The size distribution and zeta potential of vesicles were determined by dynamic light scattering (DLS) using a computerized inspection system (Nano ZS, Malvern Inst, UK). For size measurement, vesicular suspension was mixed with the appropriate medium (20-45% ethanolic solution). The measurement was conducted in triplicate, in a multi-model mode of 200s each at medium stable count rate ². The electric potential of the ethanolic nano-vesicles, including its stern layer (Zeta potential) was determined, by injecting the dilute system (1:200) into zeta potential measurement cell.

2. Determination of Entrapment Efficiency: Suspensions of  ethanolic nano-vesicles (10ml each) were taken and centrifuged (Remi centrifuge Ltd. Mumbai, India) at 10000 rpm for 1 h, after centrifugation supernatant was collected from tube, and absorbance was taken at 275 nm using spectrophotometer (UV-1800, Shimadzu, Japan). The entrapment efficiency (EE) of aceclofenac was calculated from the relationship as shown below:

Qt – Qs

EE =                     X 100

Qt

Where, Q_t and Q_s are the amount of aceclofenac added in suspension and the amount detected only in the supernatant, respectively.
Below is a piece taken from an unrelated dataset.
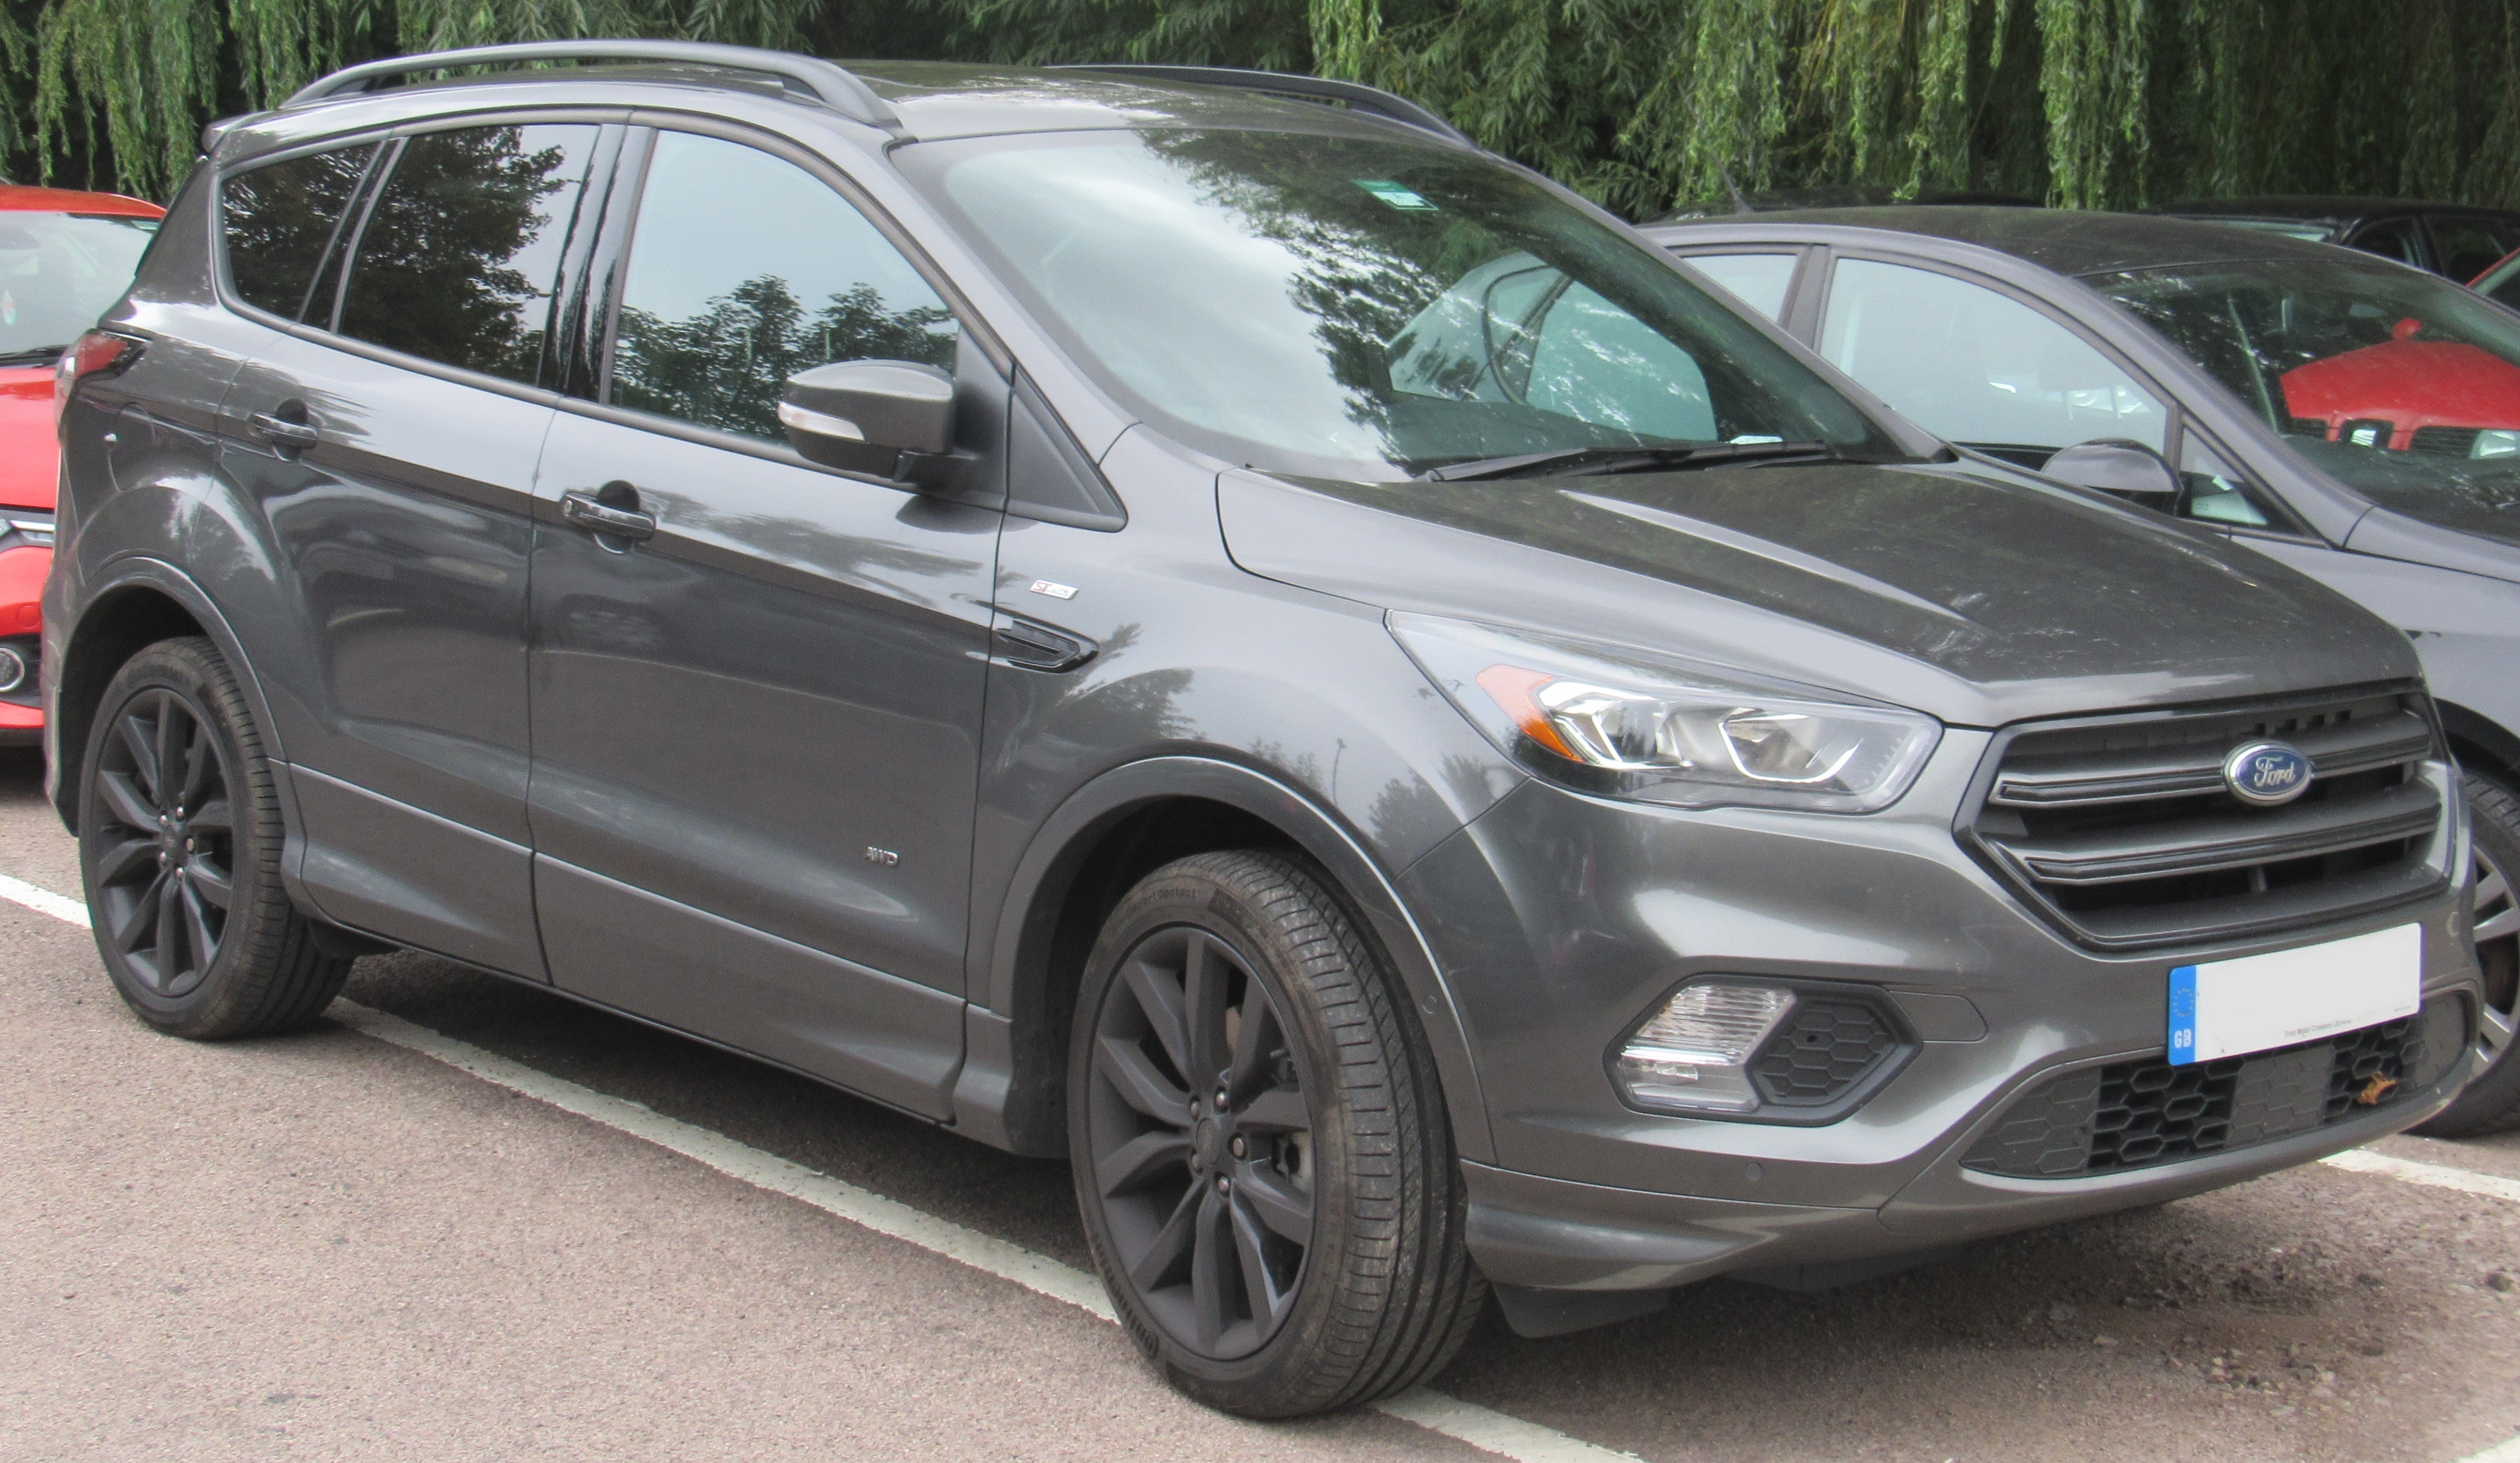 Ford Kuga exterior specifications

3. Drug-vesicle (excipients) interaction (FT-IR Studies): Infrared spectroscopy was conducted using a FTIR Spectrophotometer (FTIR-8300, Shimadzu, Japan) and the spectrum was recorded in the region of 4000 to 400 cm^-1. The procedure consisted of dispersing a sample in KBr (200-400 mg) and compressing into discs by applying a pressure of 5 tons for 5 min in a hydraulic press. The pellet was placed in the light path and the spectrum was obtained.
4. In vitro permeation studies through dialysis Membrane: The in vitro skin permeation of aceclofenac loaded ethosomal gel formulation was determined using dialysis membrane (average flat width- 29.31 mm, average diameter- 17.5mm, Capacity factor- 2.41ml/cm). The permeation studies were carried out using a locally fabricated Franz-type diffusion cell (membrane surface area of 2.545cm² and a receptor fluid volume of 20ml). The temperature of receptor fluid was maintained at 37±1°C, contained PBS (pH 7.4). Gel formulation (1g) was applied to the upper side of membrane in donor compartment. Samples were withdrawn through the sampling port of the diffusion cell at predetermined intervals over 24h and analyzed spectrophotometrically at 275nm ⁶. An equal volume of fresh PBS maintained at 37°C was replaced into the receptor compartment after each sampling.
5. Ex vivo permeation studies through human cadaver skin: Excised human cadaver skin from the abdomen was obtained from Chhattisgarh Institute of Medical Sciences, Bilaspur (C.G.), India. The skin was separated and immediately transferred to the refrigerator at 4^°C. All experiments were performed on the same day. The skin was immersed in purified water at 60^°C for 2 minutes after which the stratum corneum and viable epithelium was peeled off and immediately used for the permeation experiments ⁷.

Skin penetration studies were carried out by locally fabricated Franz-type diffusion cell. Human skin was mounted horizontally with the stratum corneum side up; dividing the cell into two compartments i.e. the donor and the receptor compartments. The dermal side of skin was immersed in PBS (pH 7.4) and the ethosomal and transfersomal formulation was in contact with outer skin layer. The donor compartment of the diffusion cell was covered with the parafilm to avoid any evaporation process. The receptor was filled with PBS (pH 7.4) saline phosphate buffered solution. The receptor fluid was constantly stirred with a magnetic stirrer in order to ensure its homogeneity.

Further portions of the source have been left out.